Dual insurance is not illegal, co-insurance normally comes into place. 

However, you can't insure a car that you have no insurance interest in. 

Your best bet would have been to do a change of vehicle to your new car on your current policy and not to have taken out a new annual policy until March. 

You will need to cancel your policy on your old car to get proof of NCB for your new policy anyway.


----------



## *Pete* (May 19, 2008)

Yes in hind site I should have just amended my current insurance but already having swapped a car once on that I assumed I'd get charged for making another change.

I thought it would save me £30 odd quid to just start a fresh.

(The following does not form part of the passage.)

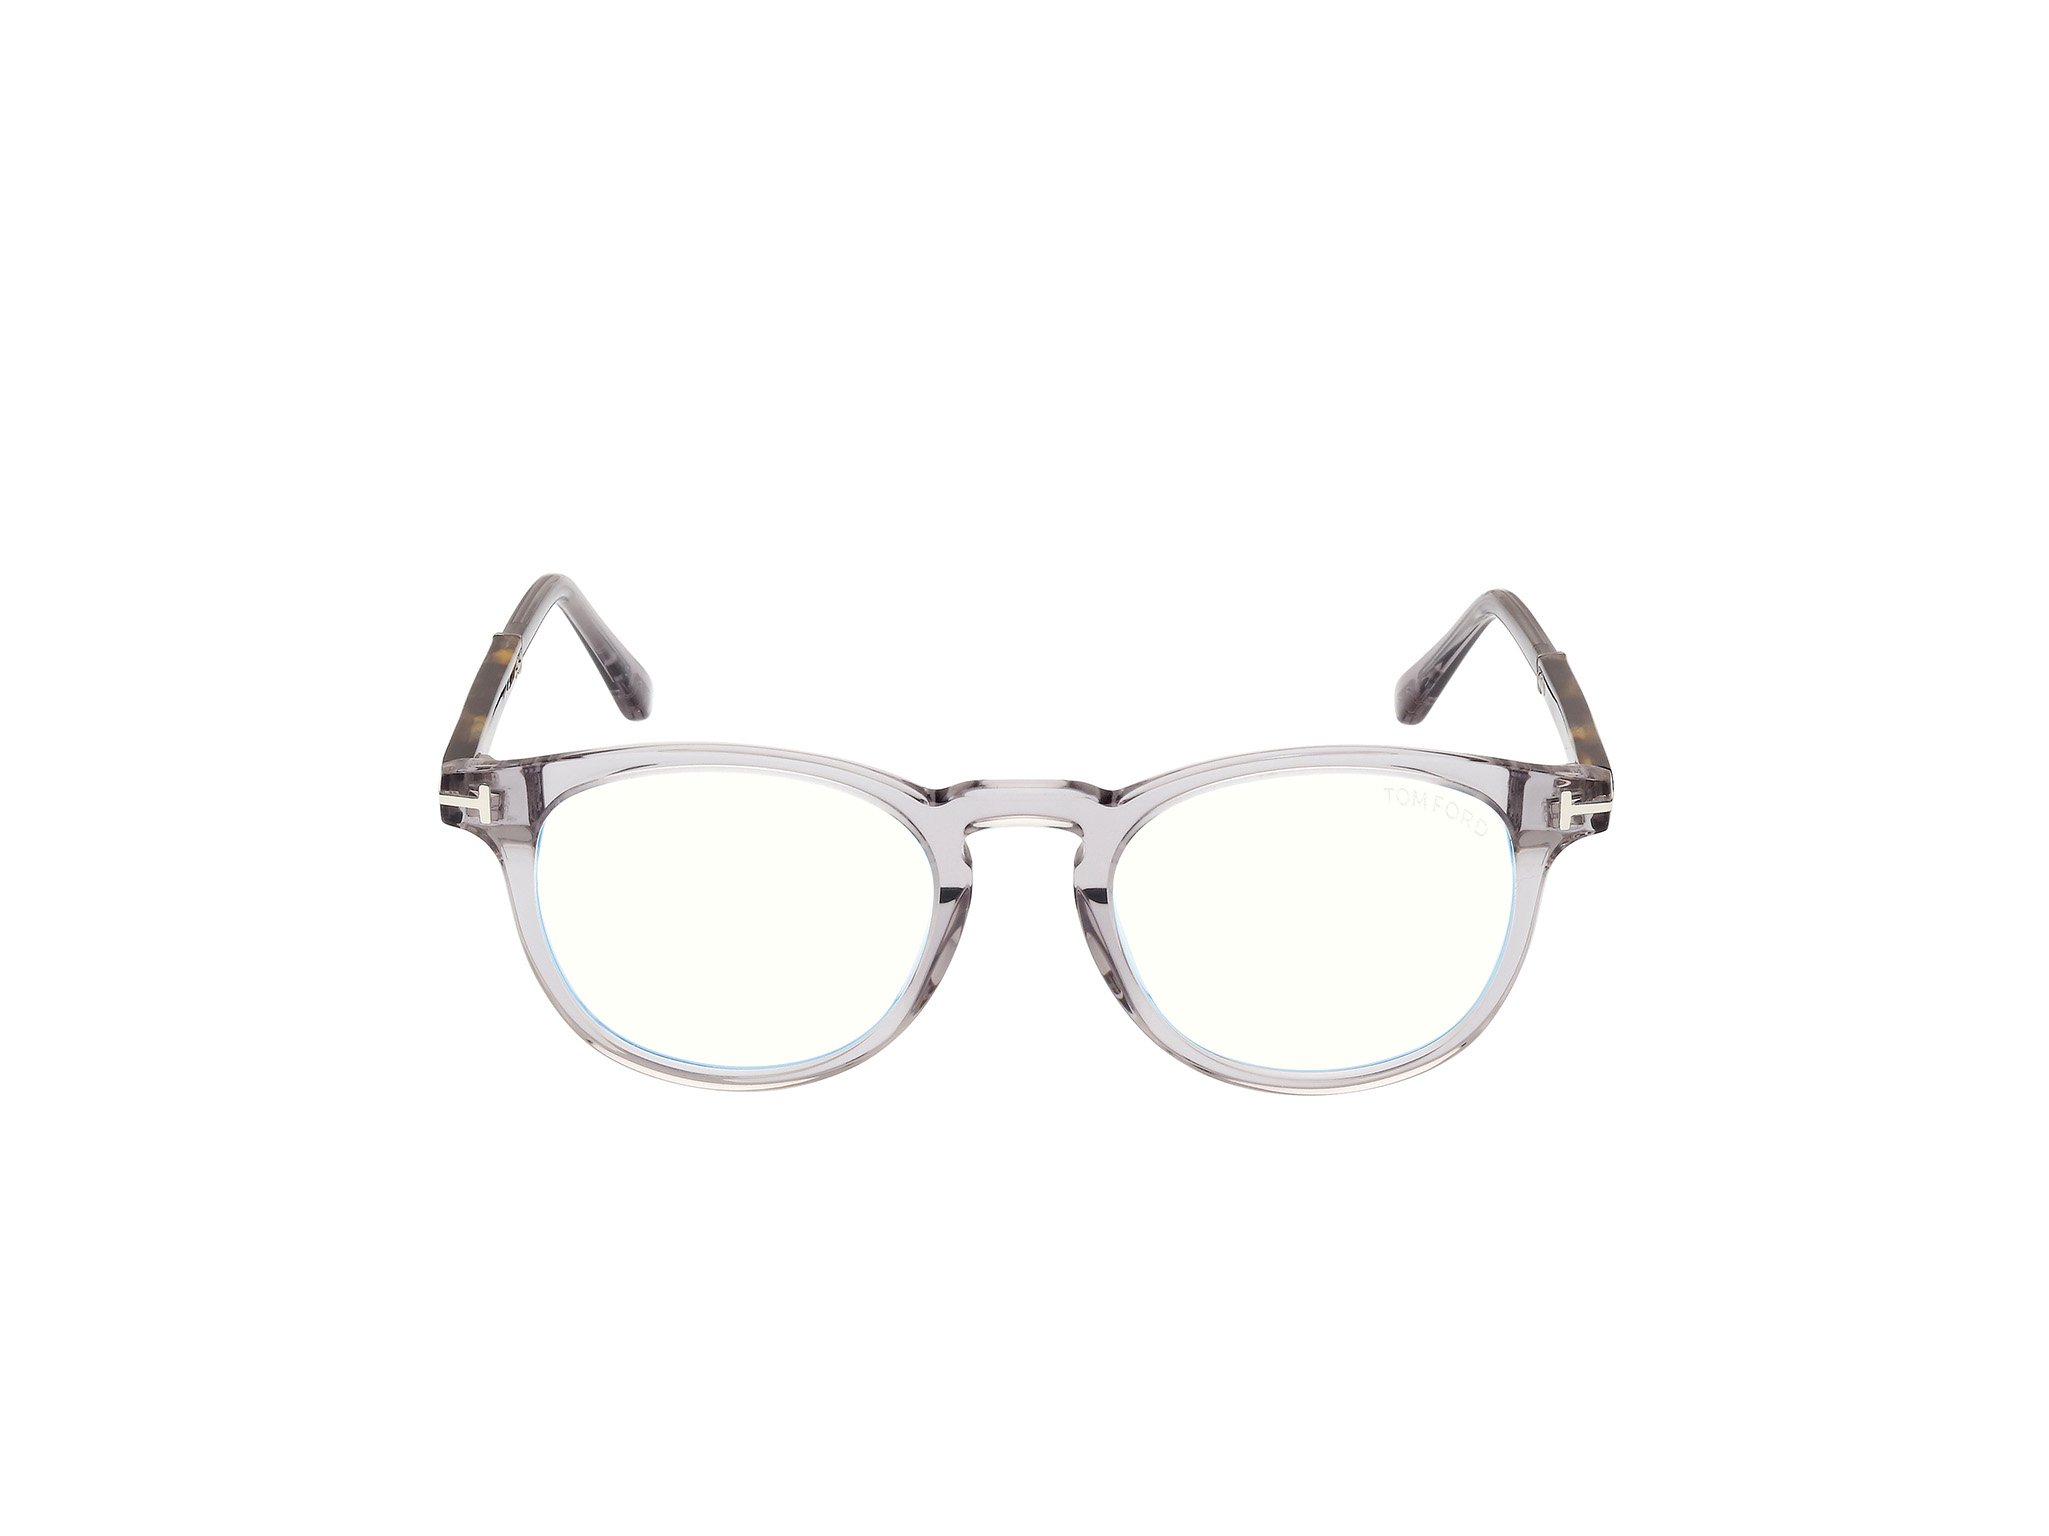 Das Bild zeigt die Korrektionsbrille FT5891-B 020 von der Marke Tom Ford in silber.

They should still send me out a renewal letter before the 3rd of March which I can use as my proof of no claims. Just have to wait a bit longer to provide it to my new insurance company.


----------



## Shiny (Apr 23, 2007)

In theory you could be charged the gross premium on your new policy from inception to March, as your NCB will not be valid until March as it is being used on another policy. All depend on how your new insurers are happy to play things.


----------



## MPS101 (May 6, 2011)

It is not illegal to hold two policies on one vehicle it is however illegal to profit from car insurance as such if you made a dual claim against one accident that would be illegal and in basic terms fraud. 
Your old insurer is within their rights to charge you an admin fee for any changes to a policy during its life regardless of whether your premium is paid in full or not.


----------



## Rascal_69 (Sep 20, 2009)

I used to do this to my mums car when goes on holiday. 

It's insured by her on her women insurance company. 

When she goes away I just phone up my insurance and ask for temp cover on her car. So in theory insured twice.


----------